#### [DATA PROVIDED]
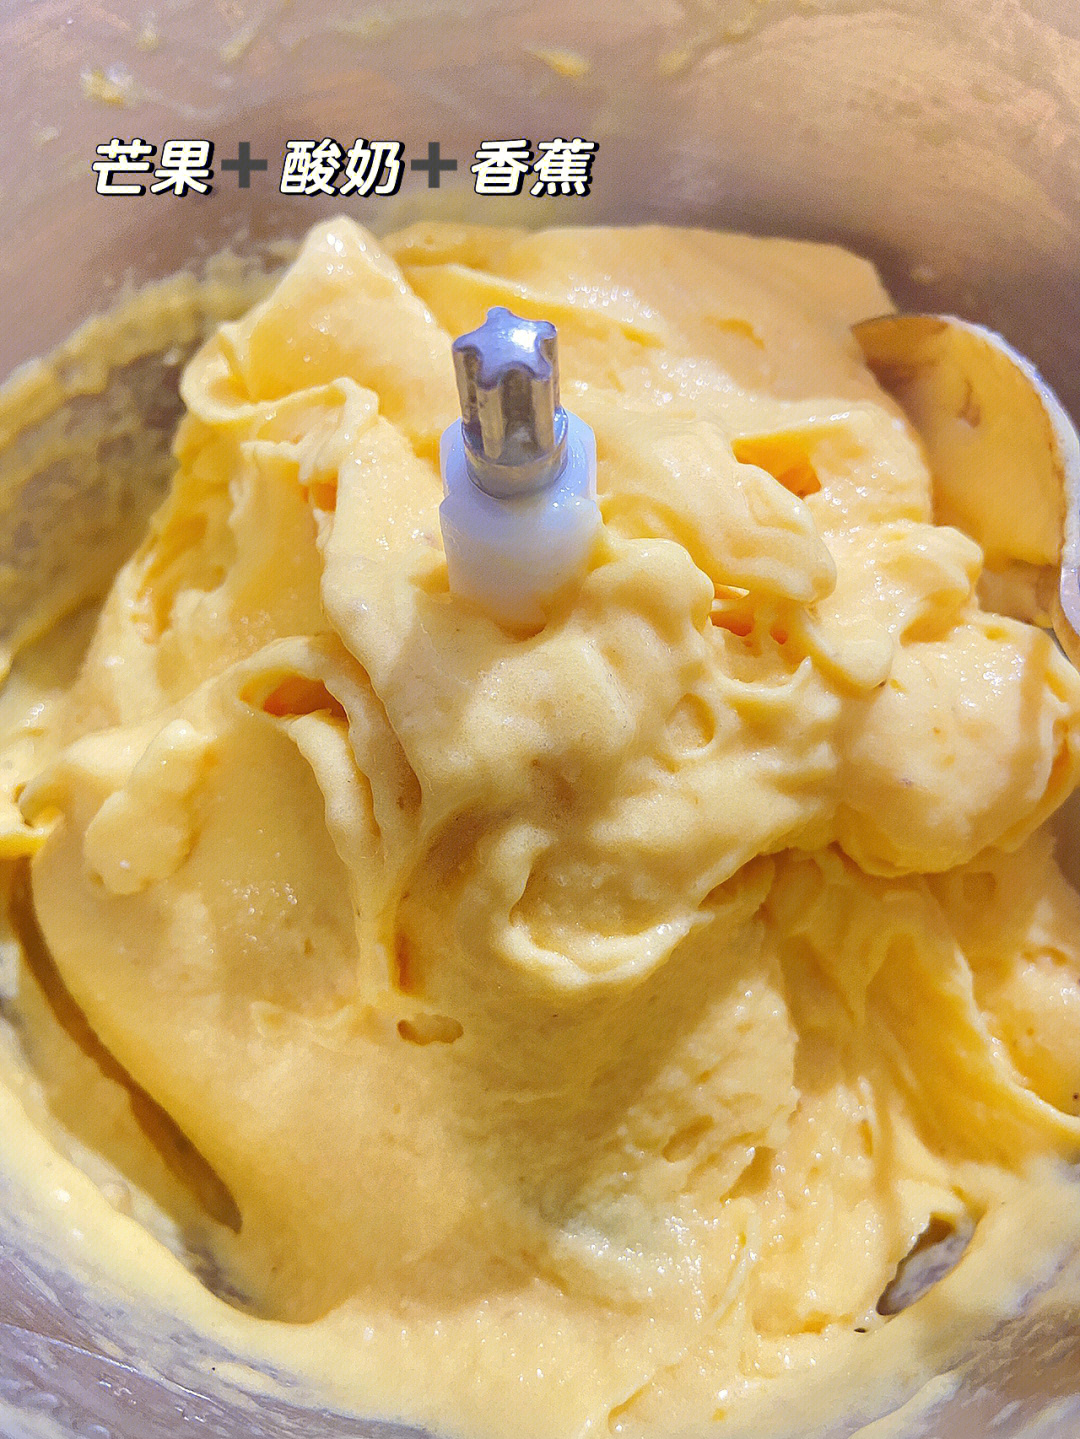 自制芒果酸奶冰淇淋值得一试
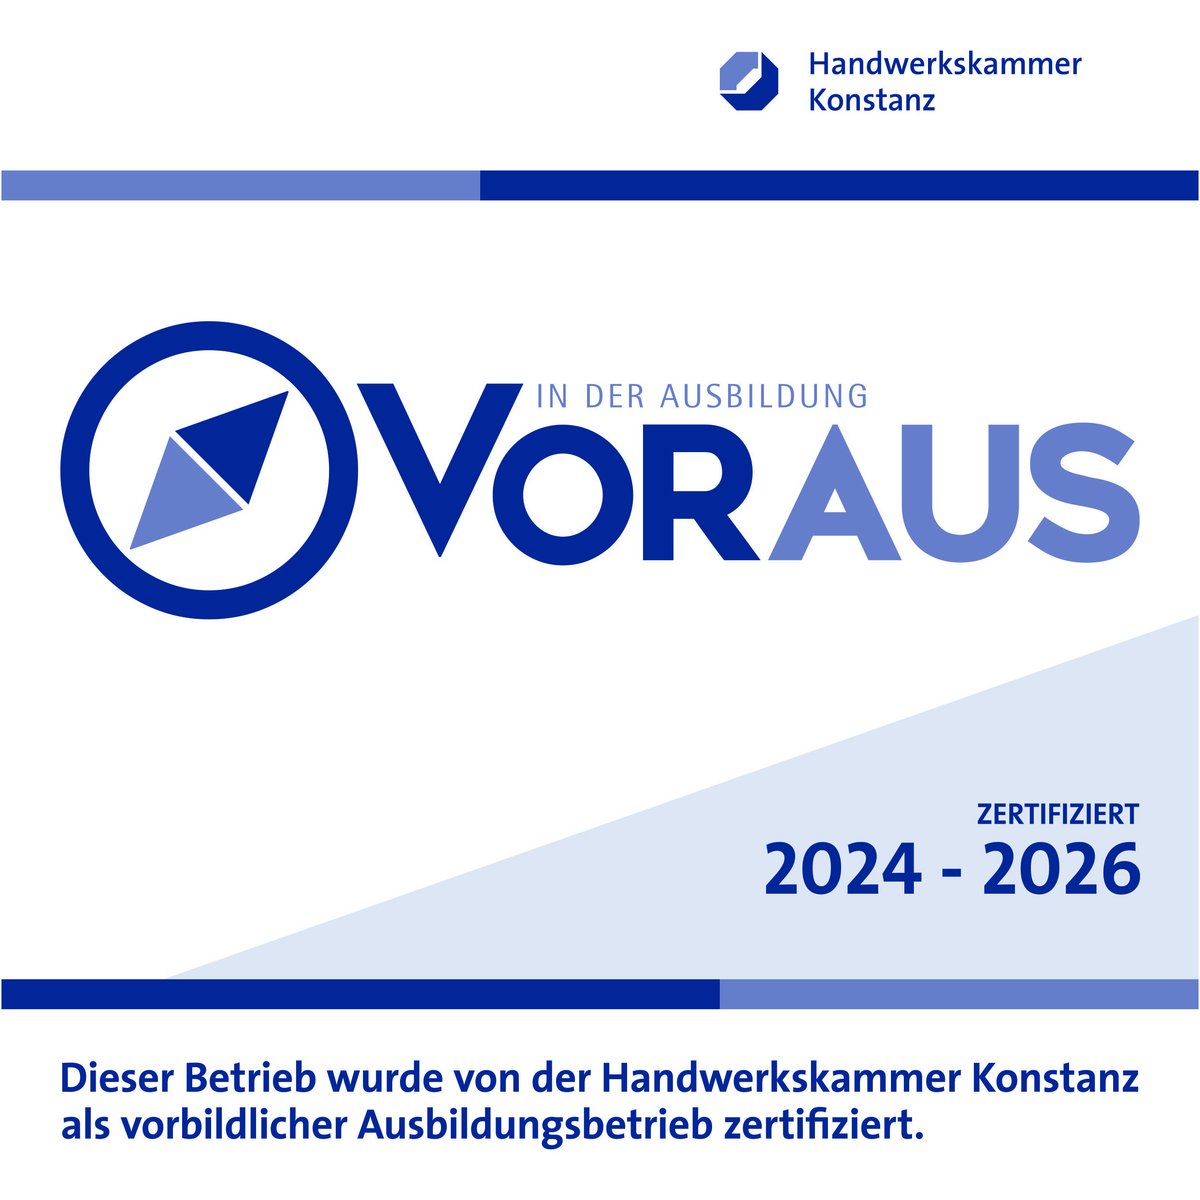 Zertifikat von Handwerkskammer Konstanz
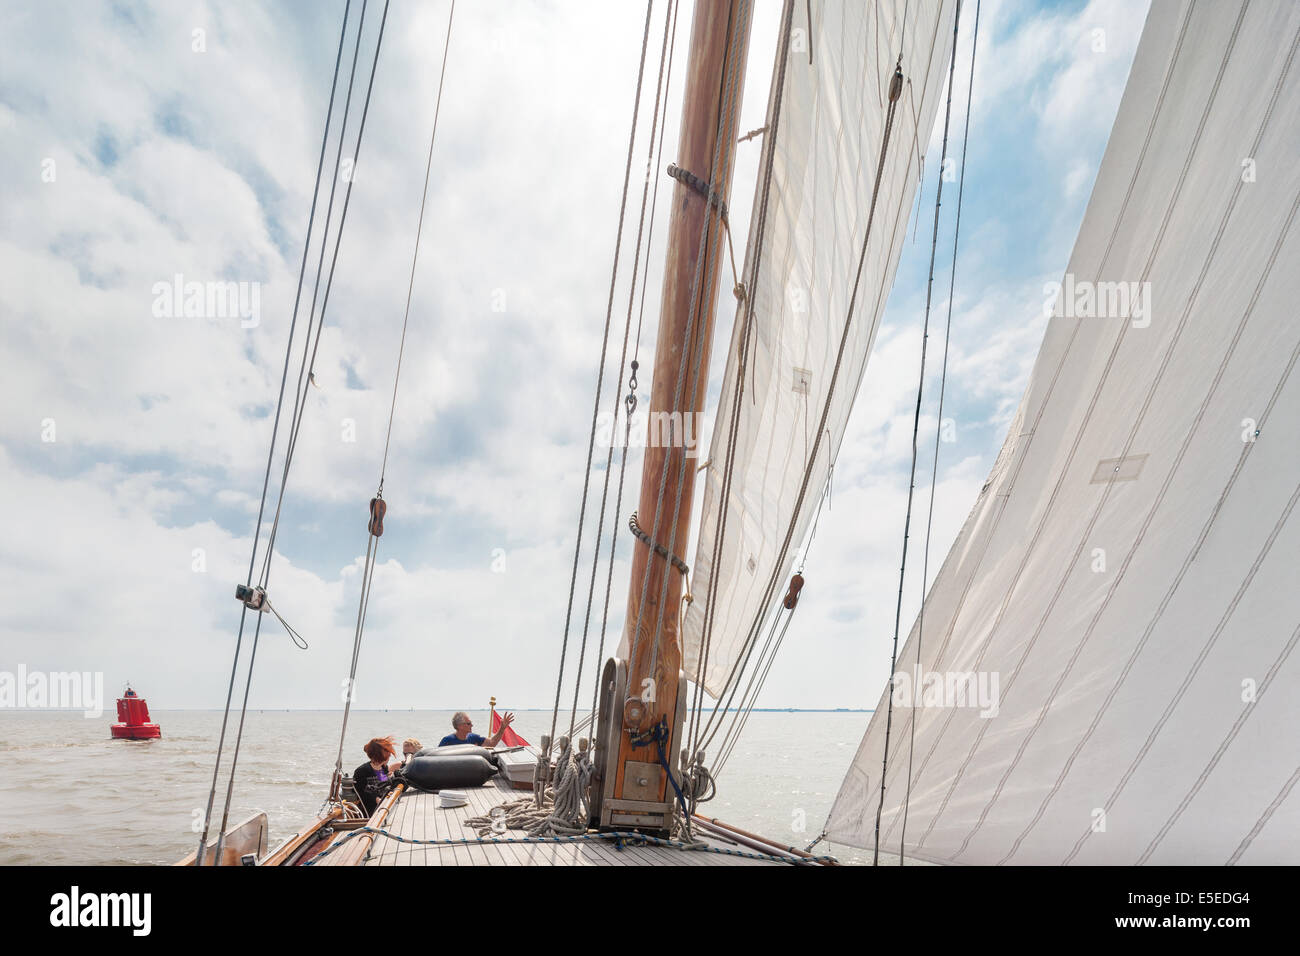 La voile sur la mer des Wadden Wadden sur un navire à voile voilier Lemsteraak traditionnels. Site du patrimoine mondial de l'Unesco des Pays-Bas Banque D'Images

#### [PROBLEM TO WORK ON]
Return the material in full and unaltered, minus its pictures.

#### [SOLUTION BELOW]
 自制芒果酸奶冰淇淋值得一试
 Zertifikat von Handwerkskammer Konstanz
 La voile sur la mer des Wadden Wadden sur un navire à voile voilier Lemsteraak traditionnels. Site du patrimoine mondial de l'Unesco des Pays-Bas Banque D'Images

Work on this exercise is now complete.